* **DATA EXTRACT**
<<<<

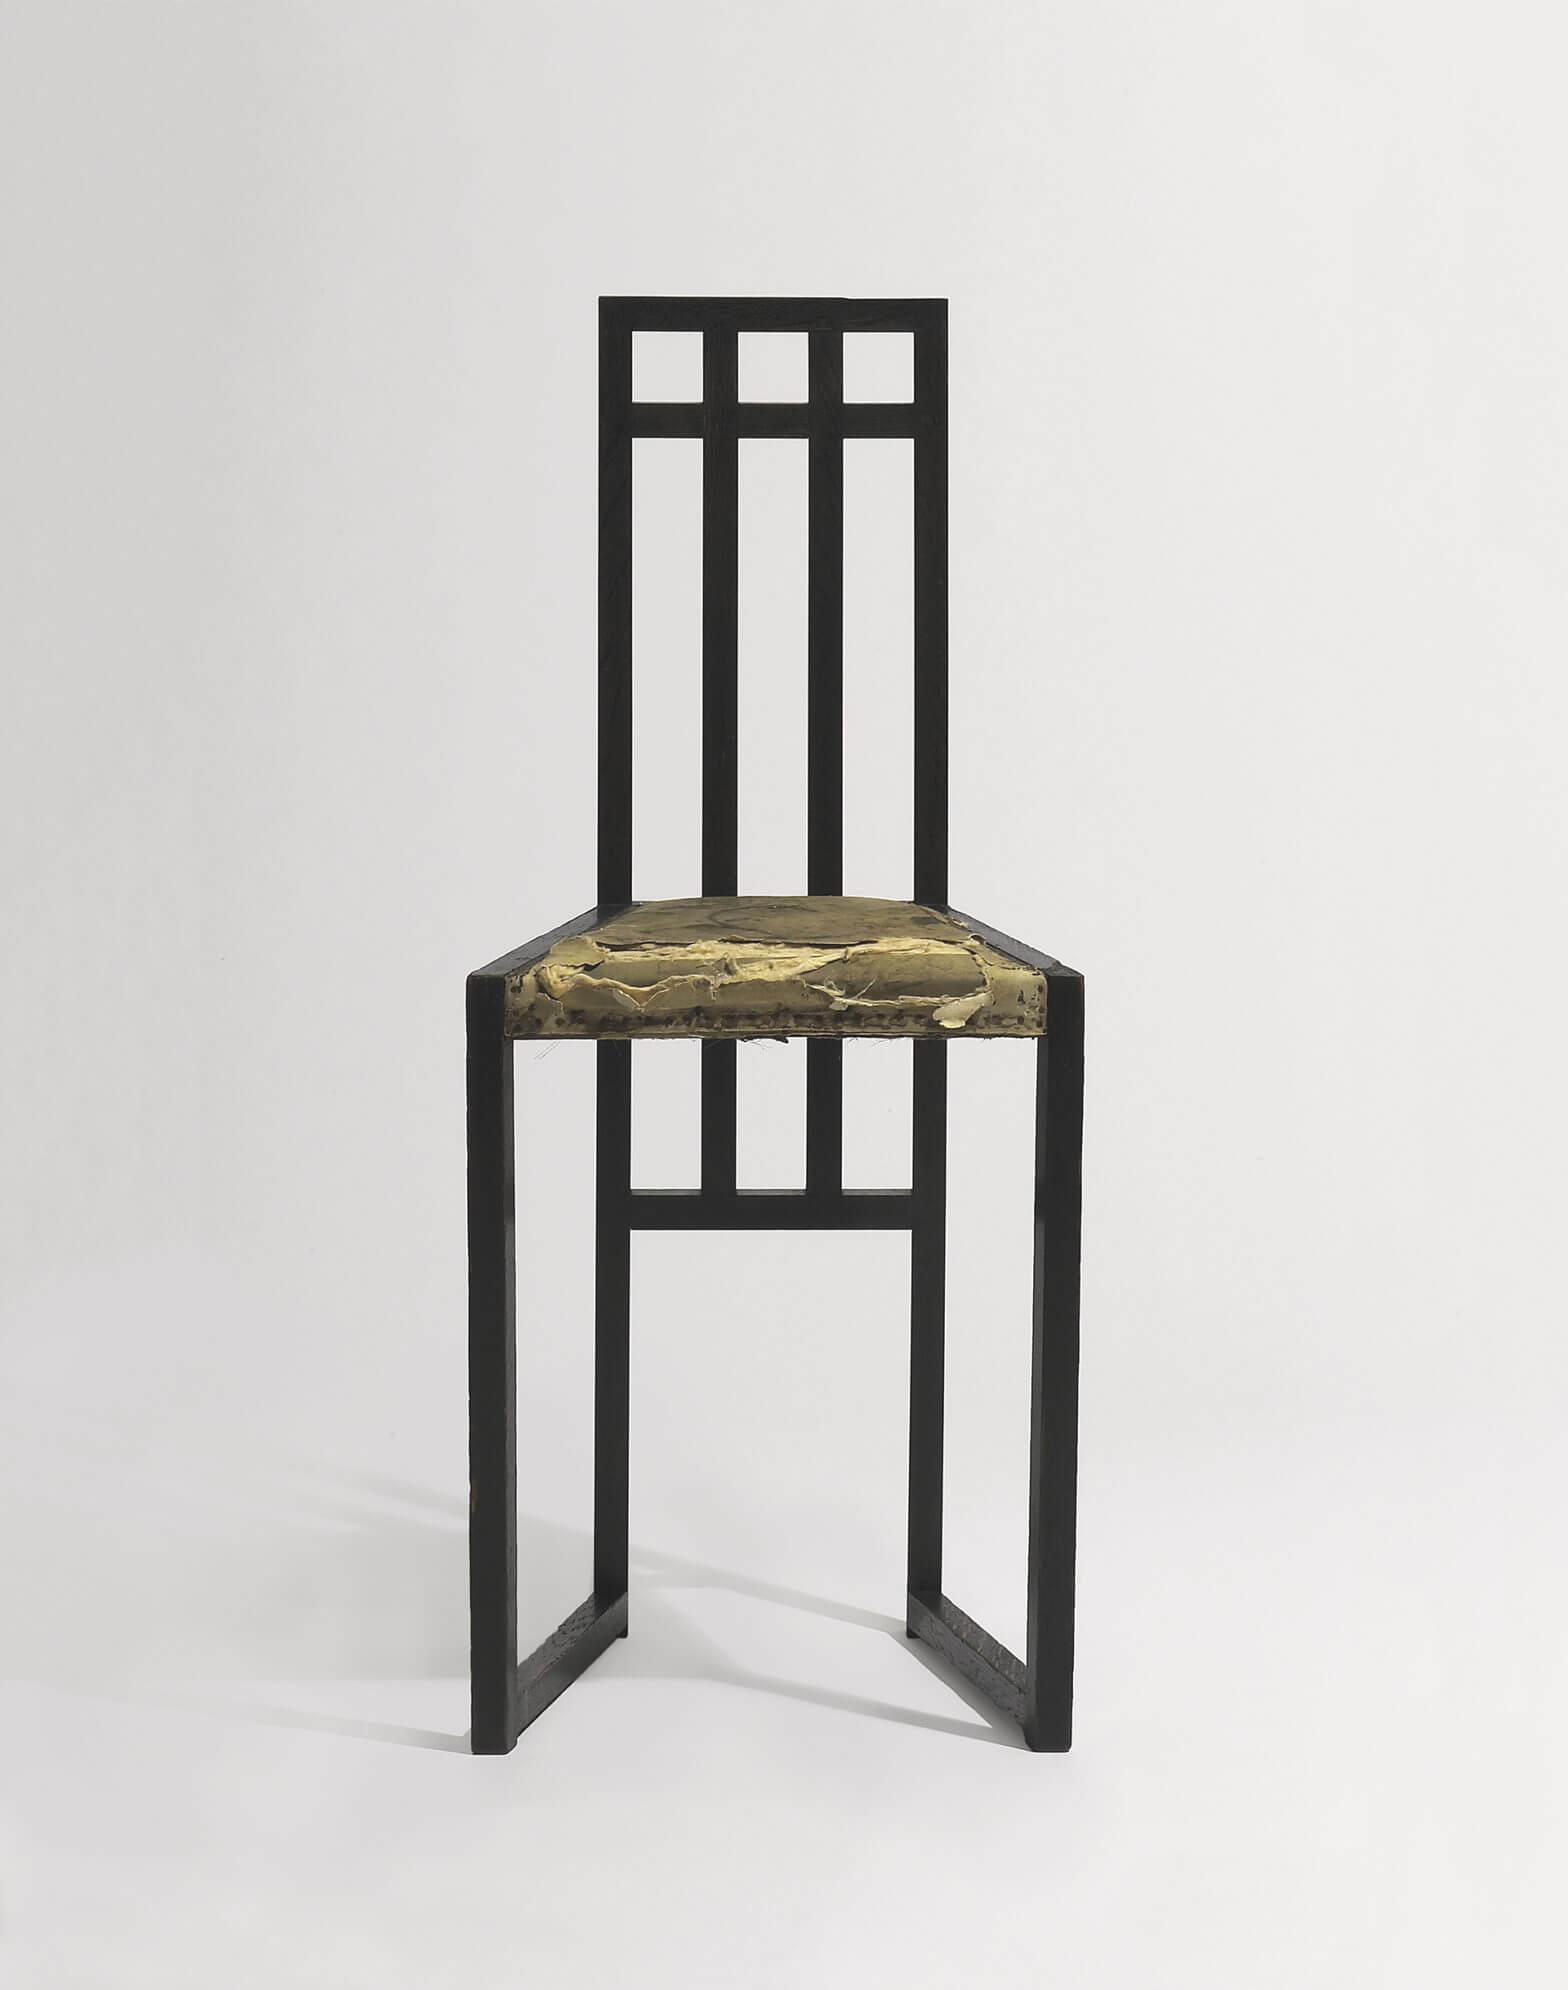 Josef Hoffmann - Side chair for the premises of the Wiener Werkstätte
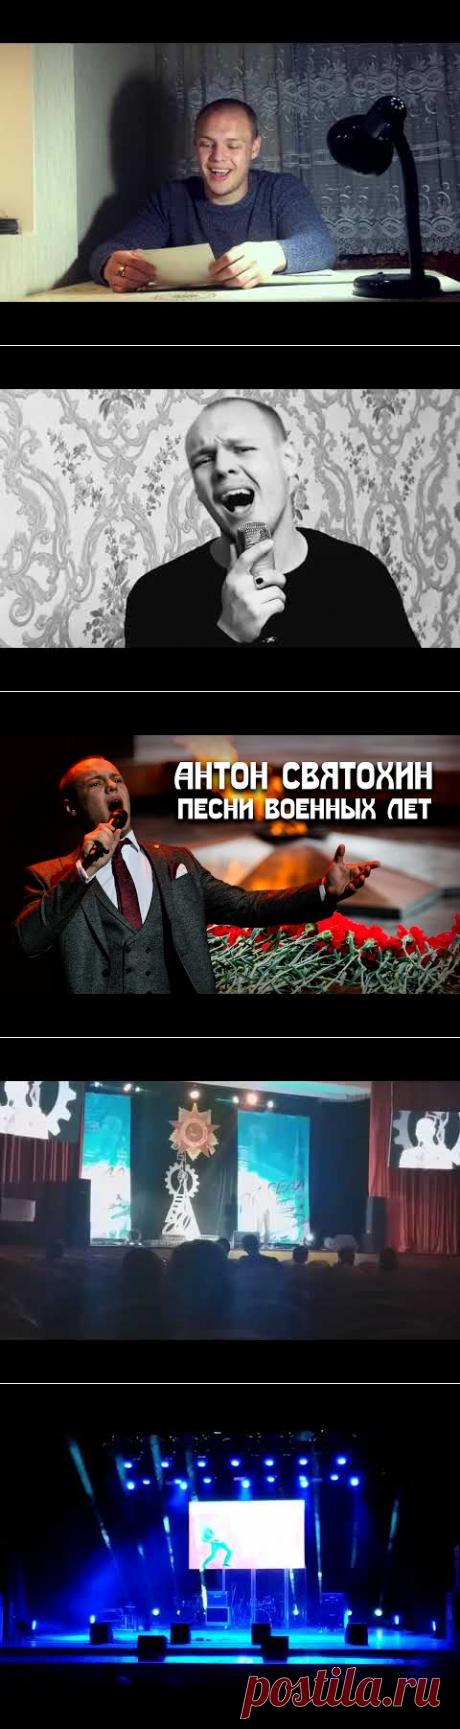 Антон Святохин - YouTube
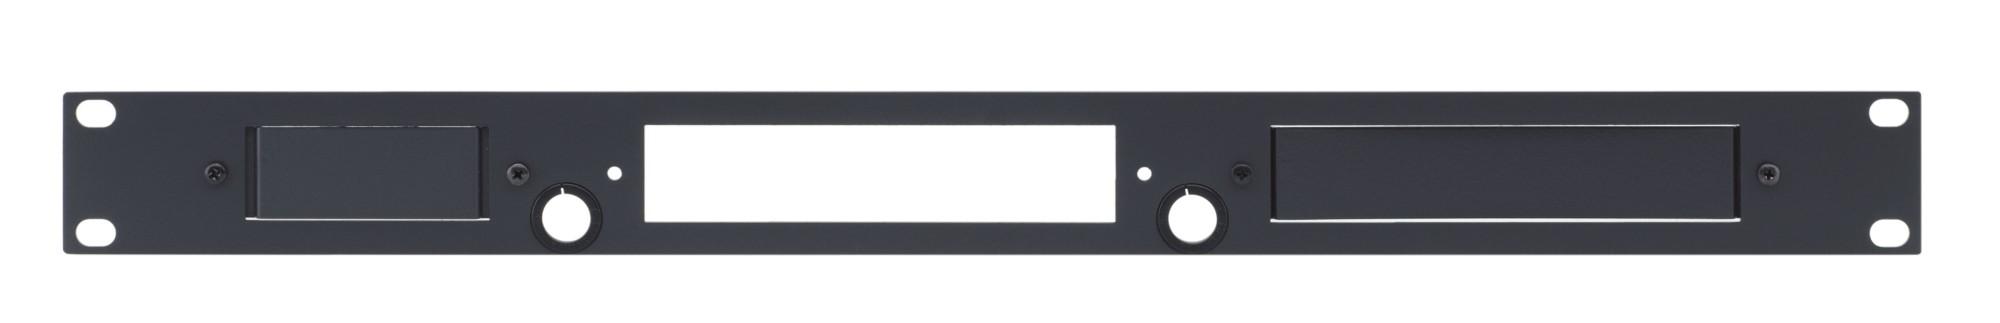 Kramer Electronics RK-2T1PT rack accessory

>>>>

* **ASSIGNMENT**
Leave the images out and output the remaining material exactly as it stands.

* **SOLUTION TO THE PROBLEM**
 Josef Hoffmann - Side chair for the premises of the Wiener Werkstätte
 Антон Святохин - YouTube
 Kramer Electronics RK-2T1PT rack accessory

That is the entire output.